**Given data**
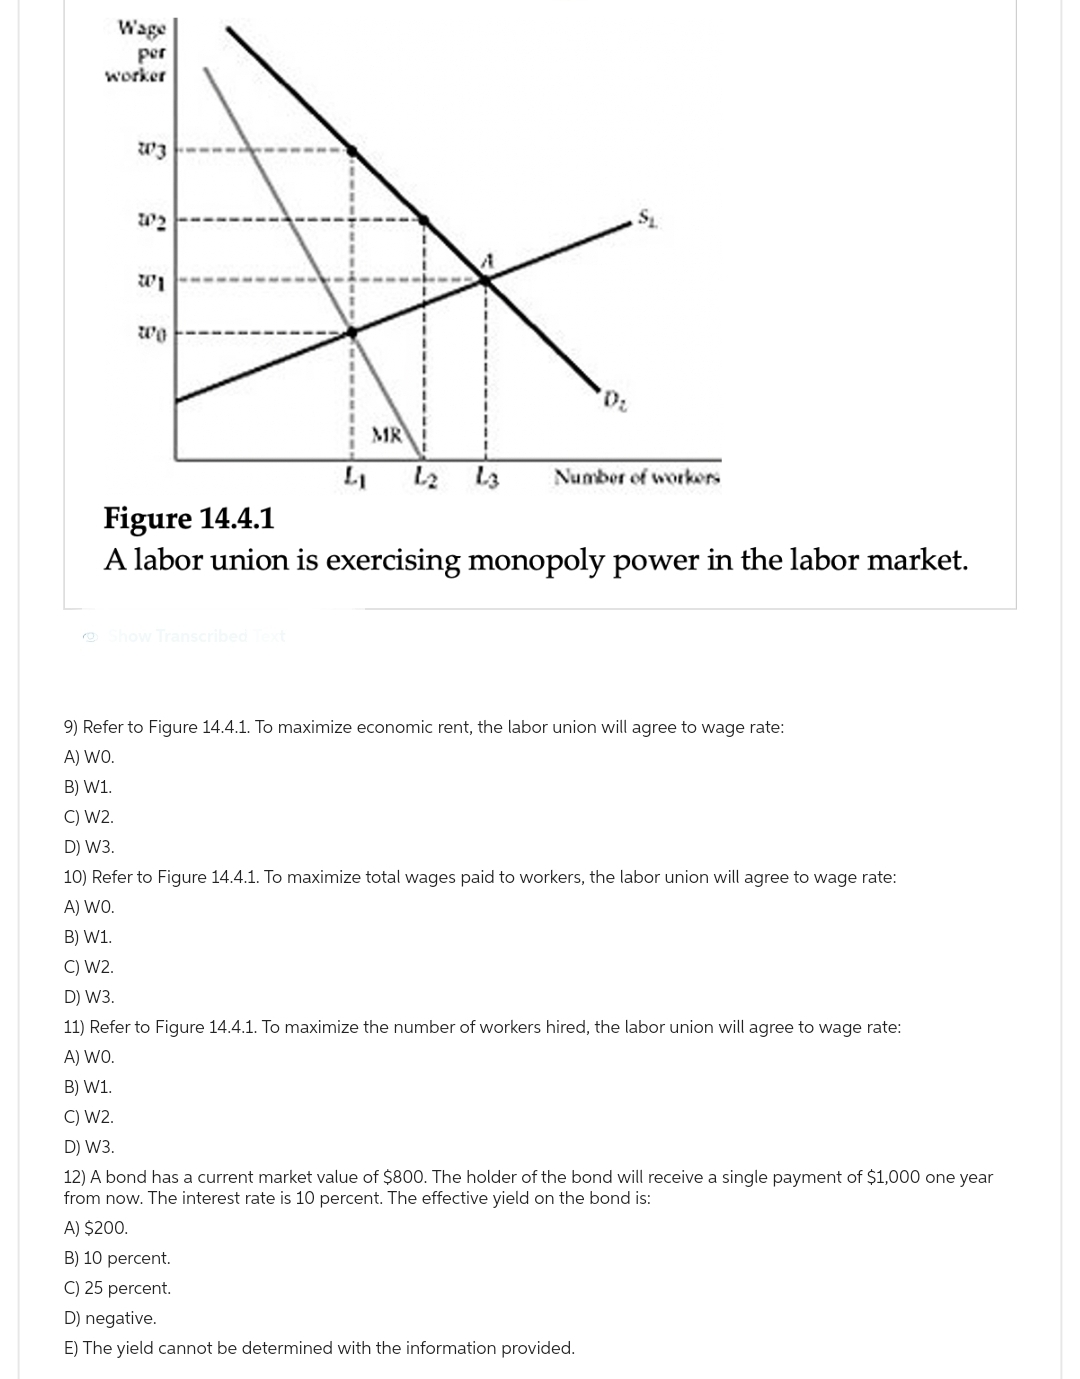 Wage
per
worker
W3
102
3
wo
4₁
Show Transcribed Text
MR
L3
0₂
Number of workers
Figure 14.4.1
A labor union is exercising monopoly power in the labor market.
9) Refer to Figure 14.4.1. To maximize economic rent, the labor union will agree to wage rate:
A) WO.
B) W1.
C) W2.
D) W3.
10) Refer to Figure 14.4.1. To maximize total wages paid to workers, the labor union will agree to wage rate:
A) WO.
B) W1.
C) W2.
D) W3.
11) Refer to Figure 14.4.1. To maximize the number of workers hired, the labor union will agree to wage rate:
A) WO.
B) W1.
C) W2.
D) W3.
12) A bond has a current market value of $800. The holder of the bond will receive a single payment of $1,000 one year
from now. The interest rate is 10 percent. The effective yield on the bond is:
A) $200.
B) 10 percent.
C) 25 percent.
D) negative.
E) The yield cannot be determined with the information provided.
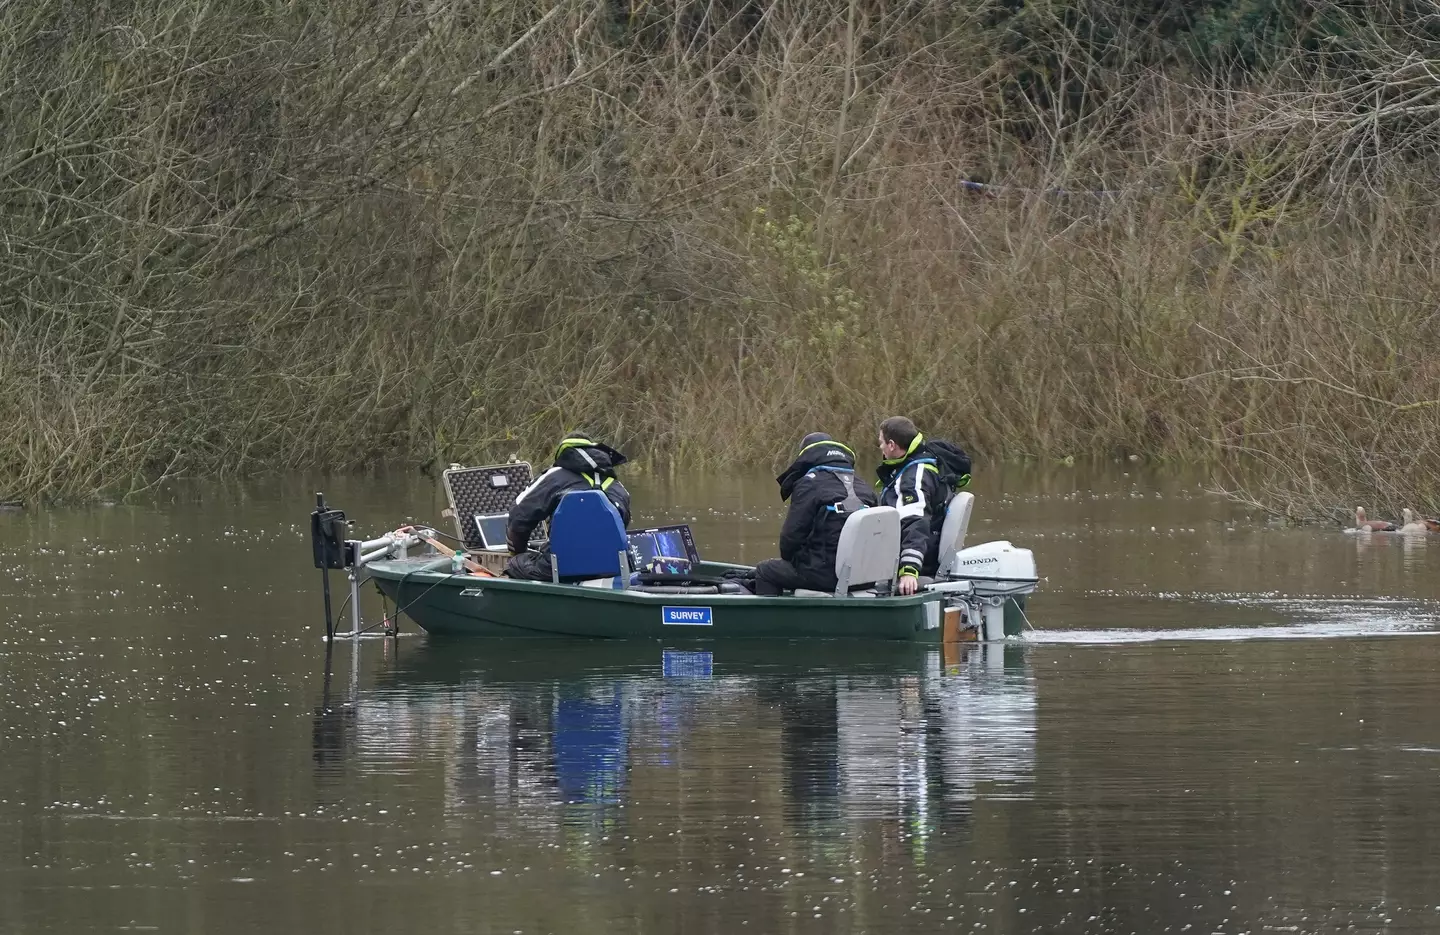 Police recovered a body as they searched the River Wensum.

**Work to complete**
Skip the pictures and output all entries exactly.

**Answer below**
 Wage
per
worker
W3
102
3
wo
4₁
Show Transcribed Text
MR
L3
0₂
Number of workers
Figure 14.4.1
A labor union is exercising monopoly power in the labor market.
9) Refer to Figure 14.4.1. To maximize economic rent, the labor union will agree to wage rate:
A) WO.
B) W1.
C) W2.
D) W3.
10) Refer to Figure 14.4.1. To maximize total wages paid to workers, the labor union will agree to wage rate:
A) WO.
B) W1.
C) W2.
D) W3.
11) Refer to Figure 14.4.1. To maximize the number of workers hired, the labor union will agree to wage rate:
A) WO.
B) W1.
C) W2.
D) W3.
12) A bond has a current market value of $800. The holder of the bond will receive a single payment of $1,000 one year
from now. The interest rate is 10 percent. The effective yield on the bond is:
A) $200.
B) 10 percent.
C) 25 percent.
D) negative.
E) The yield cannot be determined with the information provided.
 Police recovered a body as they searched the River Wensum.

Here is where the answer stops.